Eğitime yapılan yatırım, geleceğe yapılan yatırımdır bu nedenle eğitimde tasarruf olmaz.
Ne var ki MEB, Ücretli Öğretmenlik Uygulamasını bir tasarruf yöntemi olarak kullanmaktadır ve eğitim hizmetini ucuza mal etme yolu olarak görmektedir..
Okullardaki İŞ-KUR Temizlik işçisinden daha düşük ücretle çalıştırılan Ücretli Öğretmenlere İş-Kur çalışanlarına tanınan ekonomik ve sosyal haklar tanınmamaktadır.
1 Ücretli Öğretmenin aylık geliri, 1 Asgari Ücret bile etmemektedir.
Ücretli Öğretmenlerin iş güvenceleri de bulunmamaktadır.
Öğretmen ihtiyacını sadece ek ders ücreti ve yarı zamanlı sigorta primi karşılığı ÜCRETLİ ÖĞRETMENLİK uygulamasıyla karşılamak; emek gaspıdır, kâr amacı gütmektir, özel sektör yolu izlemektir.

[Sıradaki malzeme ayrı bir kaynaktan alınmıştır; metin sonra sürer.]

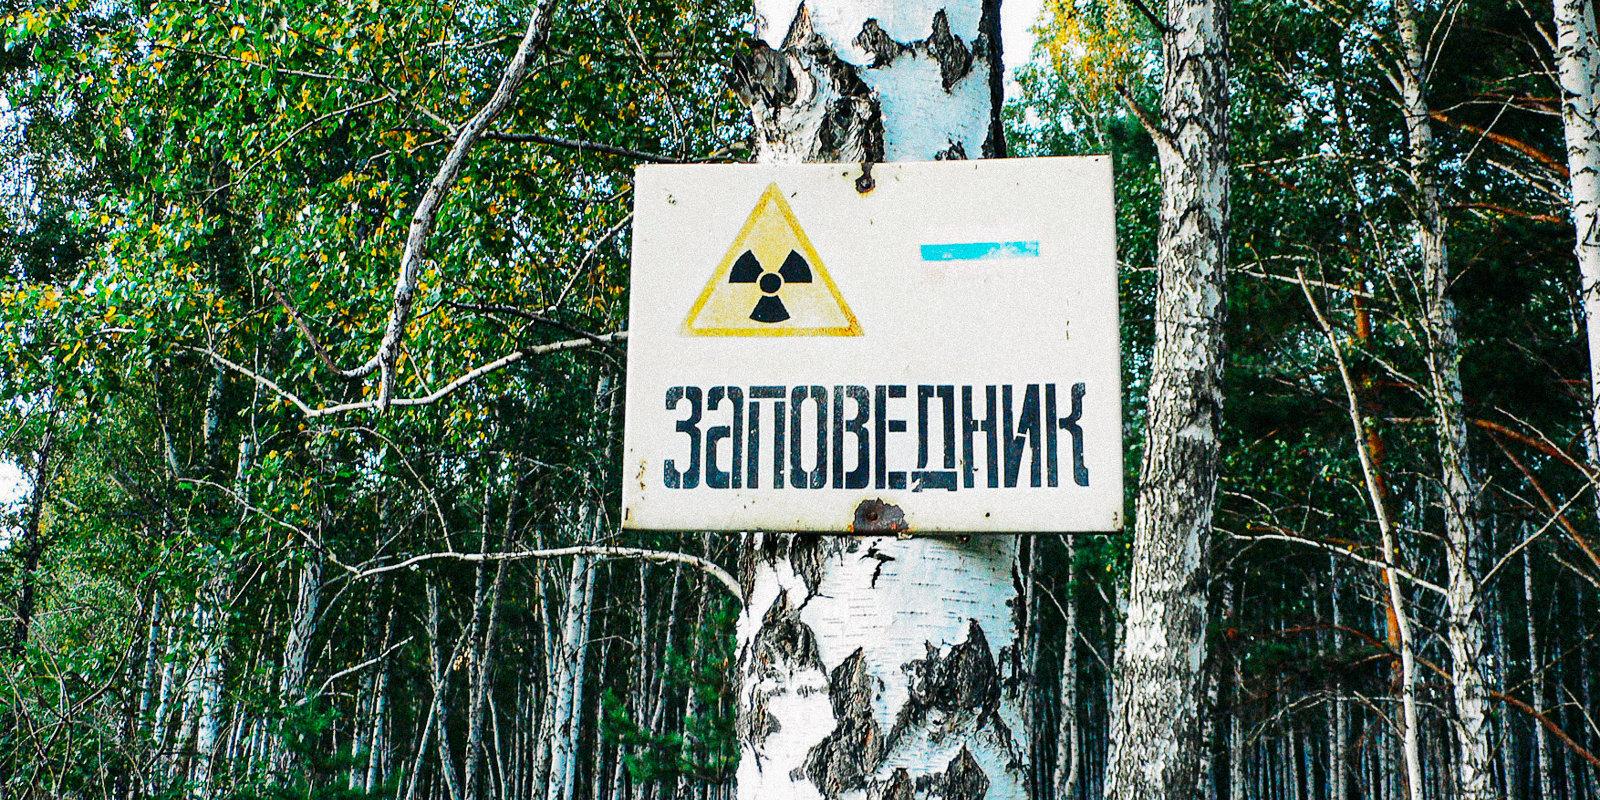 Černobiļa pirms Černobiļas. Ārkārtīgi netīrā kodolkatastrofa Urālos 1957. gadā

Öğretmen istihtam yöntemlerindeki bu yanlışlıklarla, eğitimde başarıyı yakalamak, hayalden öteye geçemez.
Bir eğitim sendikasının; valiliklerin resmi beyanlarından elde ettiği verilere göre, 71 ilde görevlendirilmiş olan ücretli öğretmen sayısı 66.780 olmuş.
Yine aynı veriler doğrultusunda 69 ildeki norm açığı da 91.484 olarak belirlenmiş.
Bu veriler gösteriyor ki öğretmen ihtiyacı, düşük maliyet zihniyetiyle giderilmeye çalışılmaktadır.
Valilik verilerindeki norm açığı, mülakata gerek duymaksızın, KPSS puanı esas alınarak, öğretmen ataması yapılarak giderilmelidir.
Ücretli Öğretmenlik Uygulaması ve öğretmen atamalarındaki Mülakat Uygulaması sonlandırılmalıdır.
Eğitimde başarıyı artırmanın yolu geçici çözümler değil, kalıcı çözümlerdir.
Eğitim günübirlik çözümlerden, günübirlik uygulamalardan ve politik hesaplardan uzak tutulmalıdır.
MEB, sorunun değil çözümün kaynağı olmalıdır, bir an önce 2024 Öğretmen Atama Takvimini yayınlamalıdır.